ADVERTISING AND PUBLIC RELATIONS

Federal Trade Commission building, George F. Landegger Collection, Library of Congress.

Outline of advertising law section:


WHAT’S AT STAKE

When Purdue Phrama  company launched OxyContin in 1996, ads and sales representatives told doctors that it was safe for back aches, knee pain and other common conditions.  The claimed, falsely,  that it was less addictive than other prescription opioids. 

The result has been an epidemic of opioid abuse and death.  From 1999-2022, over 725,000 people died from overdosing on opioids.

The Food and Drug Administration is supposed to regulate  advertising for medicine with the rigor that would avoid needless deaths from these helpful but potentially lethal  products.  Yet, in one of the worst lapses of regulatory oversight in history, the FDA’s regulation of Purdue Pharma‘s OxyContin did not control  false and malicious advertising.     

FDA came under scathing criticism for allowing Purdue Pharma to flood the market with lethal pain pills and lie about their non-addictive qualities.  According to the American Medical Association’s Journal of Ethics:   “The fact that opioid manufacturers disseminated false claims regarding the risks and benefits of opioids for the past 25 years points to a dereliction of duty by the US Food and Drug Administration (FDA)—the federal agency charged with regulating pharmaceutical companies.”

See Section 7.6, FDA and Dopesick 


Introduction

The law of advertising and public relations involves the entire spectrum of communications law, from fully protected speech to highly regulated speech, depending on the content and venue.   The law has also undergone a full arc of historical change over the 20th century, from absolutely unregulated, to fully regulated and unprotected, to (most recently) partly regulated and partly protected.     

General issues 

At the beginning of the 20th century, advertising was almost entirely unregulated — so much so  that ads for quack cancer cures, cocaine tonics and opium-based syrups were perfectly legal.  “Muckraking” journalism campaigns against “patent medicines” led to the creation of laws regulating foods, drugs and advertising in the 1906 – 1914 Progressive era.     

Courts upheld full advertising regulation in the early to mid-20th century on the “hierarchy of speech’ theory, viewing political speech as fully protected by the First Amendment, commercial speech on a second tier, and indecency and obscenity as more or less unprotected (although not necessarily illegal).  

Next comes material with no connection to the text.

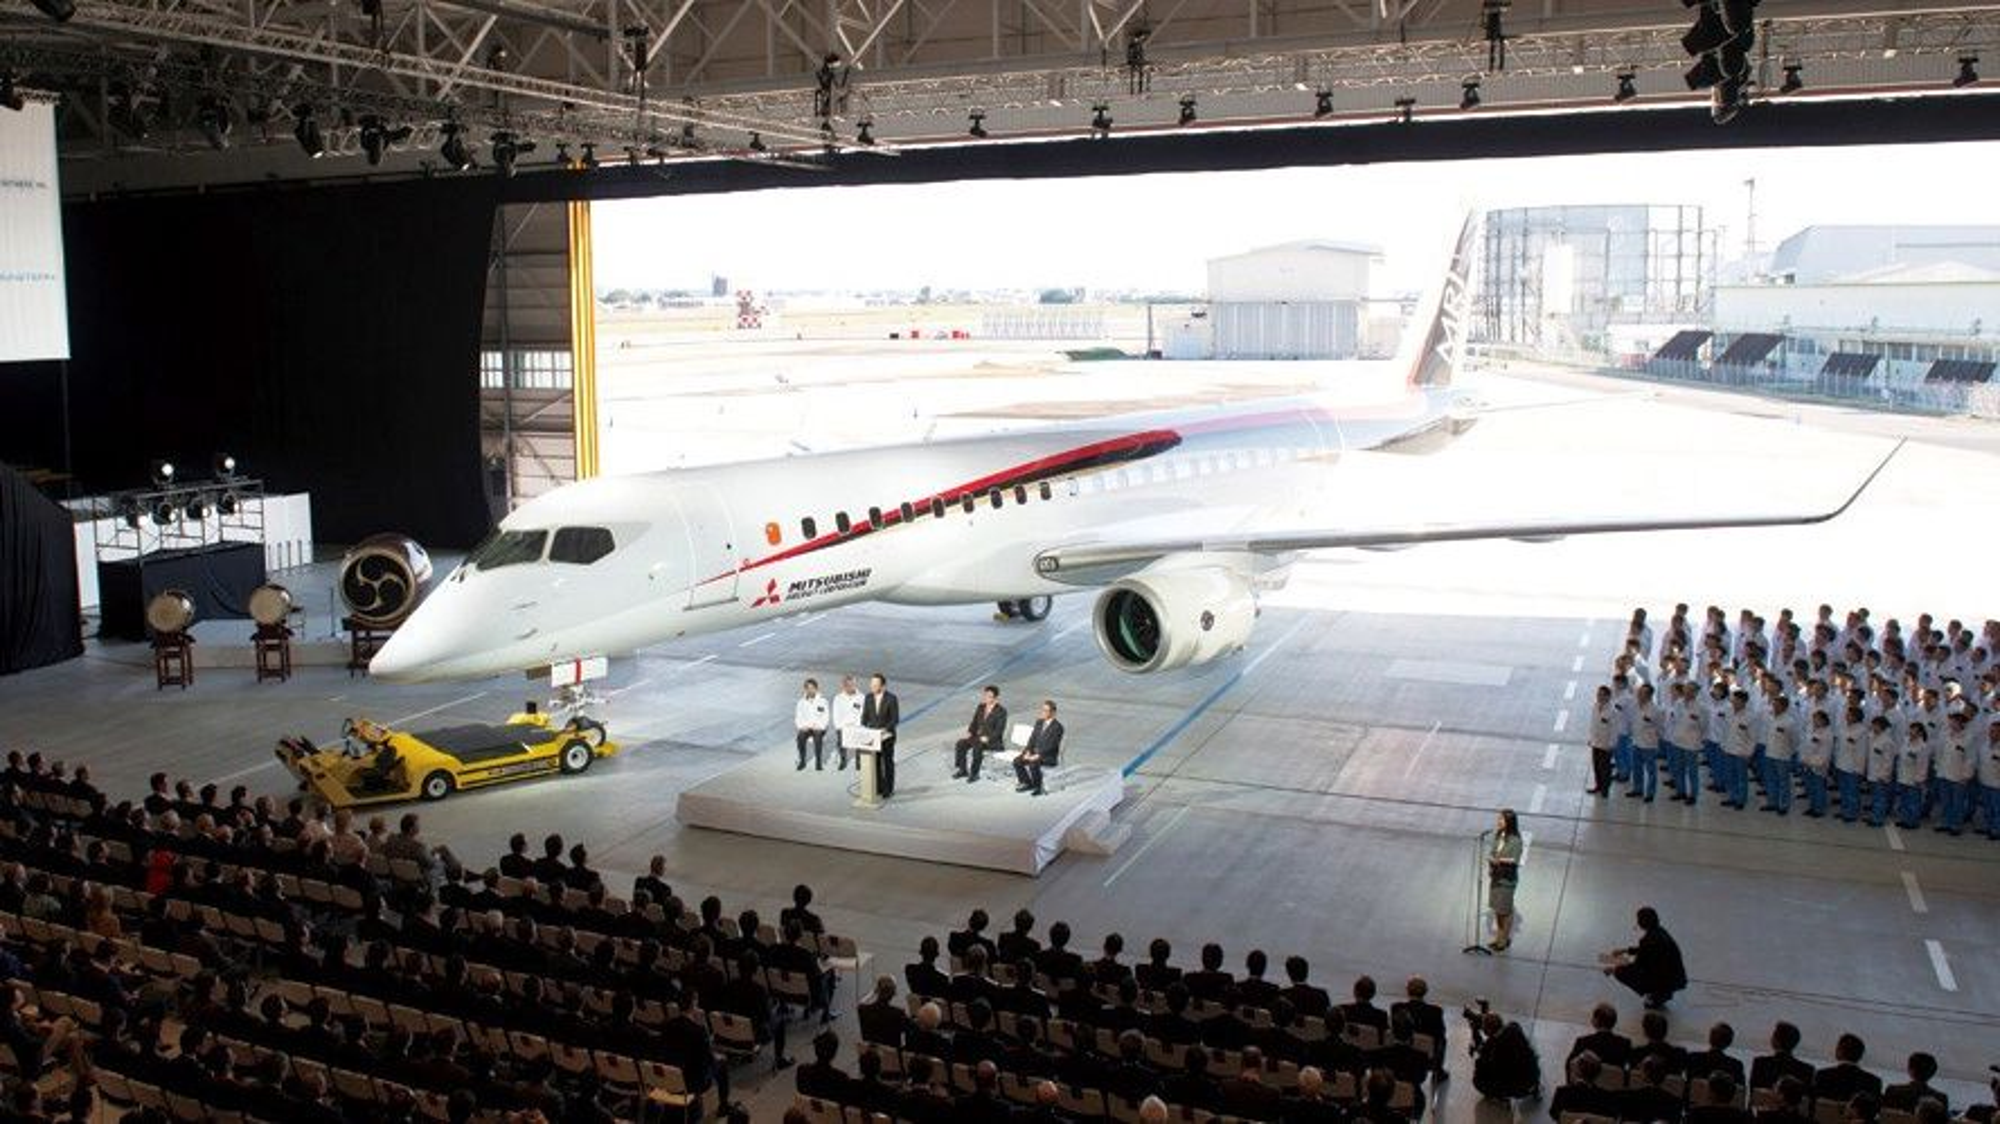 Utrullingsseremonien for Mitsubishi MRJ fant sted 18. oktober 2014.

This hierarchy began changing with issue-oriented advertising in the 1960s, especially with the New York Times v Sullivan case in 1964.  Then, in the 1970s, courts heard cases involving generic drug advertising, abortion, legal services and energy conservation and often found that there were political dimensions  within the commercial proposition. For example, the idea that seniors had the political right to learn about generic medicine (Virginia Board of Pharmacy v Virginia Consumers Council, 1976) had a political as well as commercial dimension.       

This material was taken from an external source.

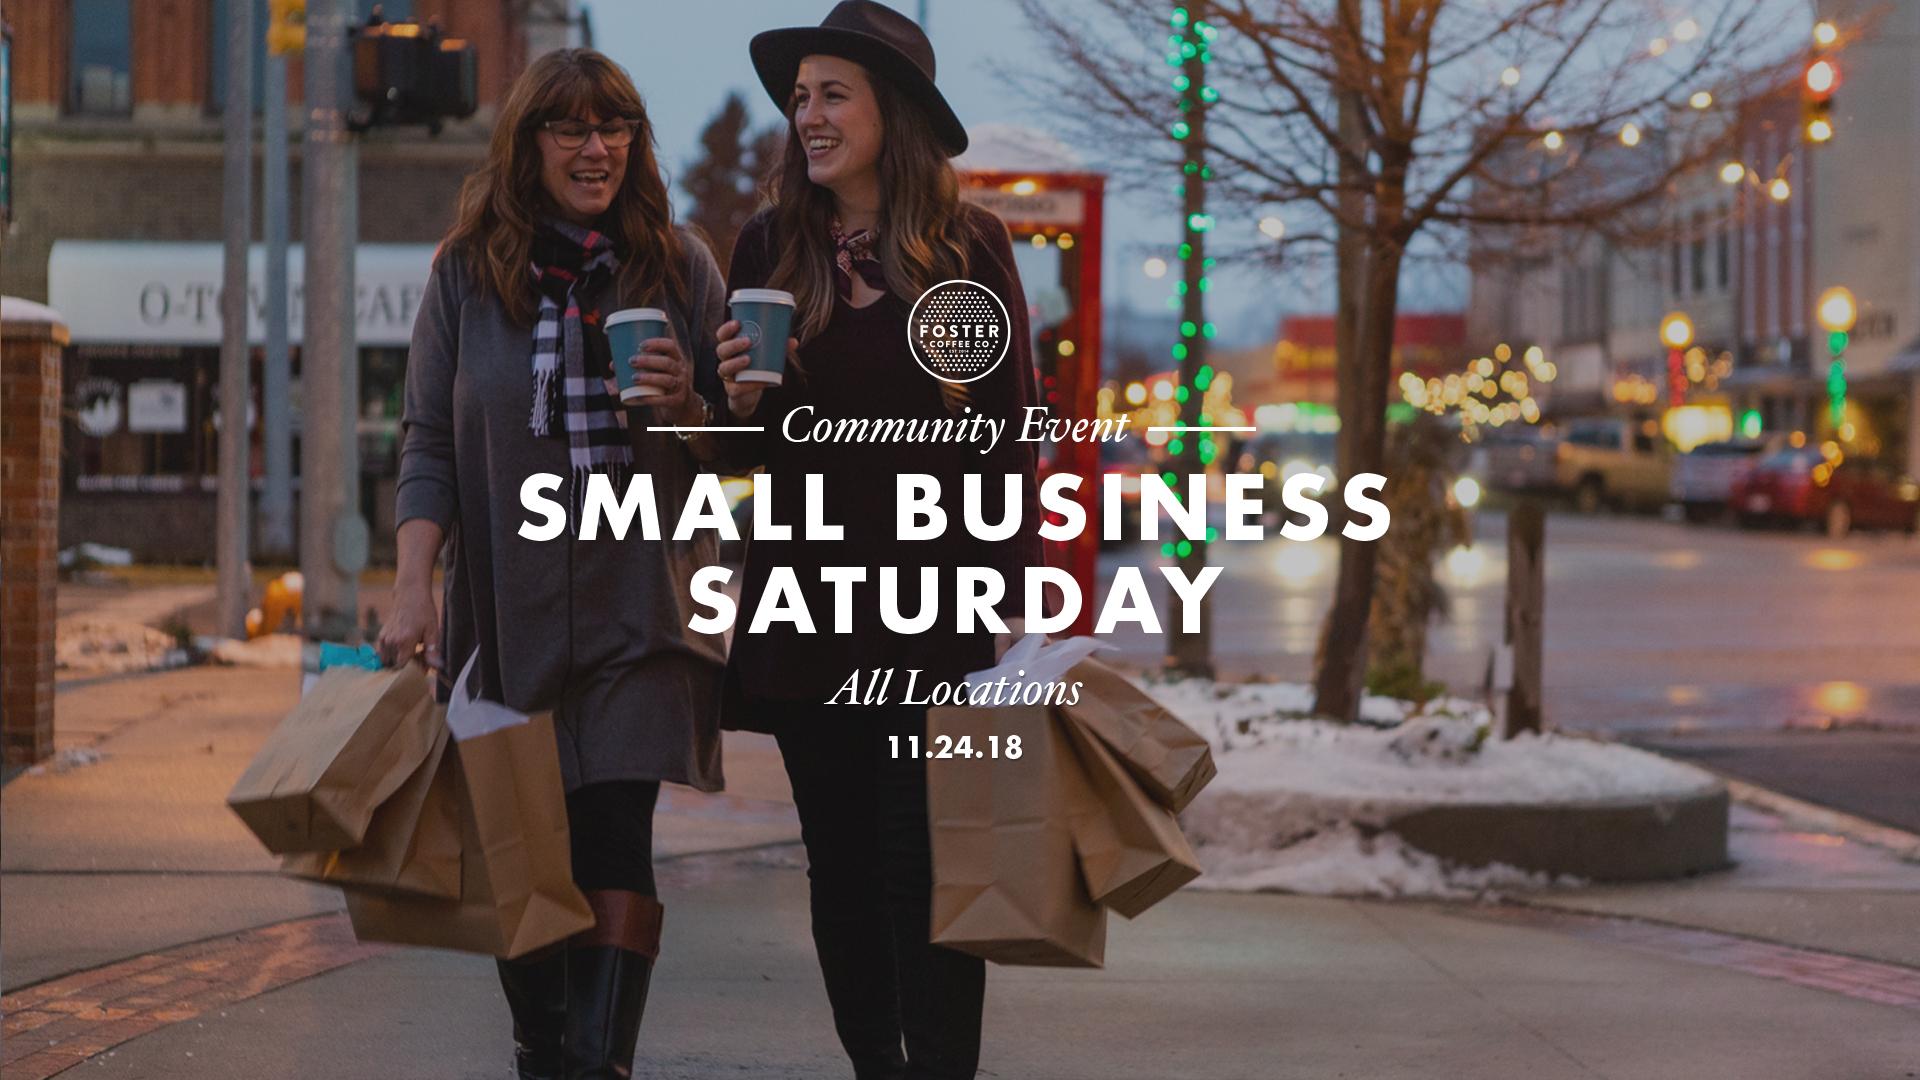 Small_Business_Saturday_2018.jpg

So gradually, between 1964 and the 1990s, the theory of a First Amendment hierarchy of protected speech began to erode.  Advertising in most cases was as well protected as political speech, since in many cases it did have a political dimension.   This was a trend towards deregulation. 

Special areas of regulation 

Deregulation might have been advisable in some general product areas, but in special advertising areas,  such as medicine, liquor, tobacco,  children’s advertising,  and ads for financial services,  the trend towards deregulation has been questioned and in some cases reversed.    

The Federal Trade Commission (FTC); the Food and Drug Administration (FDA); the Federal Communications Commission (FCC); and the Securities and Exchange Commission (SEC) have all found that high costs and sometimes loss of life have followed  deregulation in some areas of federal responsibility.